That was a filename in email attachments. I saved
them and then couldn't rename or delete them! I've
never run into anything like this. Some kind of unicode
corruption? They saved like so: 5F0506.PNG I
edited the email source code like so: 5F0506.jpg.

The sender was using gmail, no program listed in
the header, and he mistakenly named the files PNG
when they were actually JPG. I'm guessing he was
probably doing gmail through Safari on a Mac, but
I'm not sure.

--- SoupGate-Win32 v1.05
* Origin: fsxNet Usenet Gateway (21:1/5)

From Apd@21:1/5 to All on Fri Sep 8 16:44:30 2023

"Newyana2" wrote:

Just wondering if anyone's ever seen this before.

Yes, particularly fields in Usenet message headers where UTF-8 gets hex-encoded.

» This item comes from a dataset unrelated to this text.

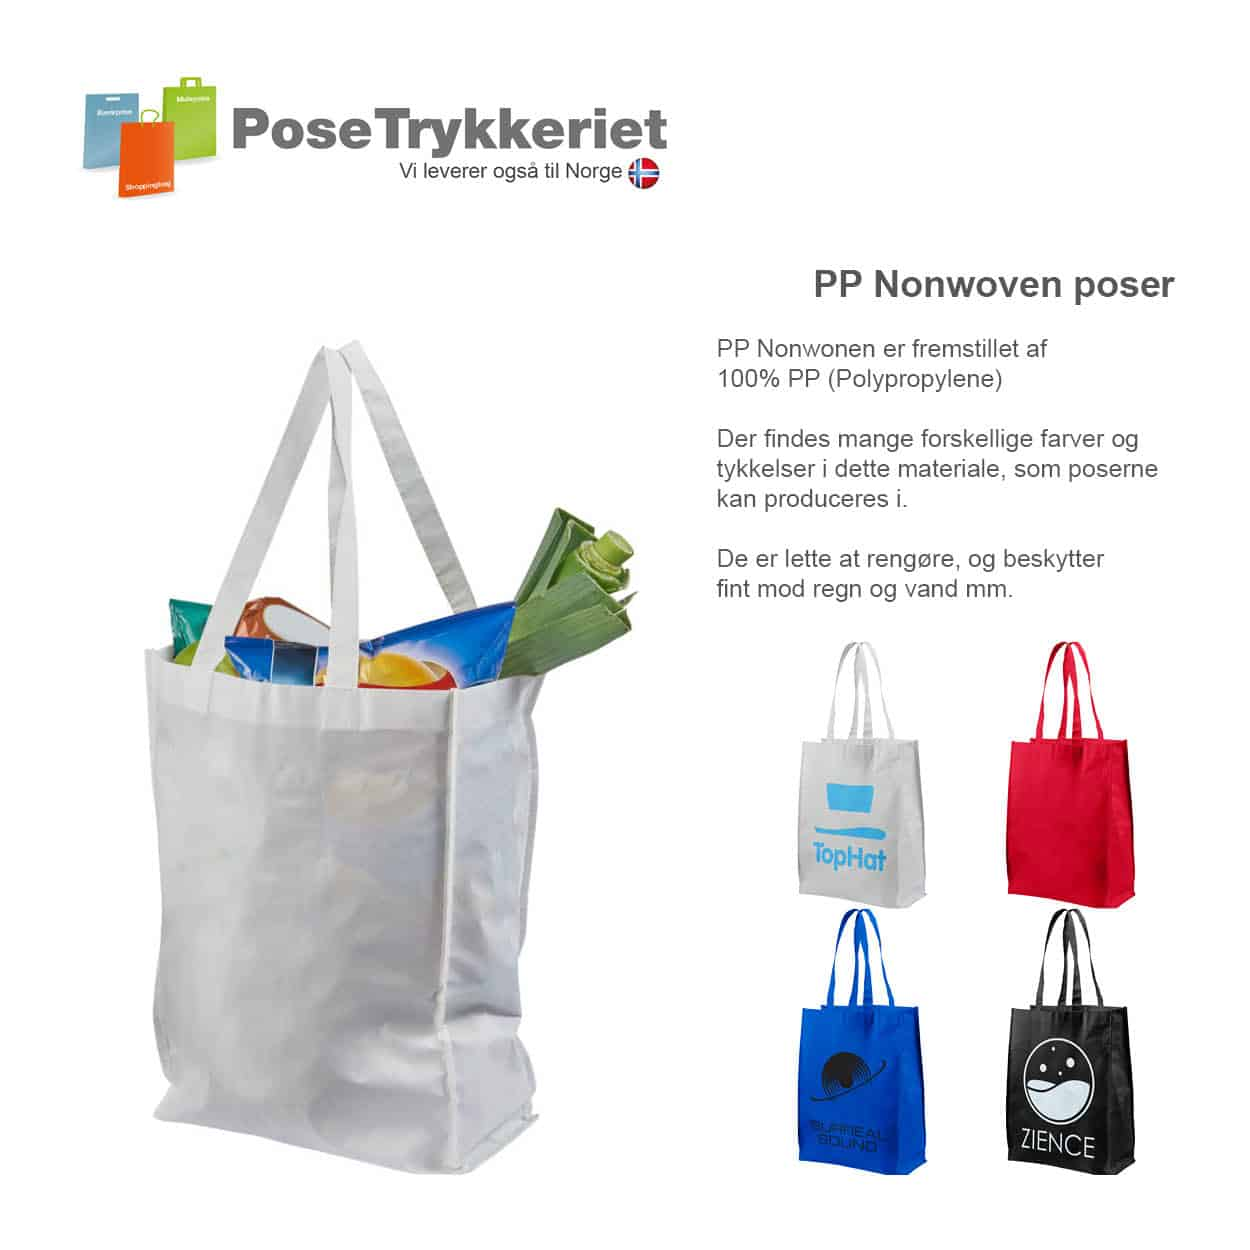 Laminerede Nonwoven poser med logotryk. PoseTrykkeriet.dk

=?utf-8?Q?IMG=5F0506.PNG?=

5F = hex for underscore.

Without encoding: IMG_0506.png

That was a filename in email attachments. I saved
them and then couldn't rename or delete them!

Strange.

--- SoupGate-Win32 v1.05
* Origin: fsxNet Usenet Gateway (21:1/5)

From Newyana2@21:1/5 to Apd on Fri Sep 8 19:32:43 2023

"Apd" <not@all.invalid> wrote

| > =?utf-8?Q?IMG=5F0506.PNG?=
|
| 5F = hex for underscore.
|
| Without encoding: IMG_0506.png
|

Ah. Thanks. I didn't think of that. But it makes no sense,
since _ is within ASCII, so it's also proper UTF-8. and the
whole thing still doesn't make sense. UTF-8 is not valid
in the Windows file system as far as I know. The sender said he
used something called "Spark". I figured it was probably
some kinf of Apple shennanigans, but it seems to be a
Windows program.

--- SoupGate-Win32 v1.05
* Origin: fsxNet Usenet Gateway (21:1/5)

From Apd@21:1/5 to All on Sat Sep 9 09:56:56 2023

"Newyana2" wrote:

"Apd" wrote
| > =?utf-8?Q?IMG=5F0506.PNG?=
|
| 5F = hex for underscore.
|
| Without encoding: IMG_0506.png

Ah. Thanks. I didn't think of that. But it makes no sense,
since _ is within ASCII, so it's also proper UTF-8.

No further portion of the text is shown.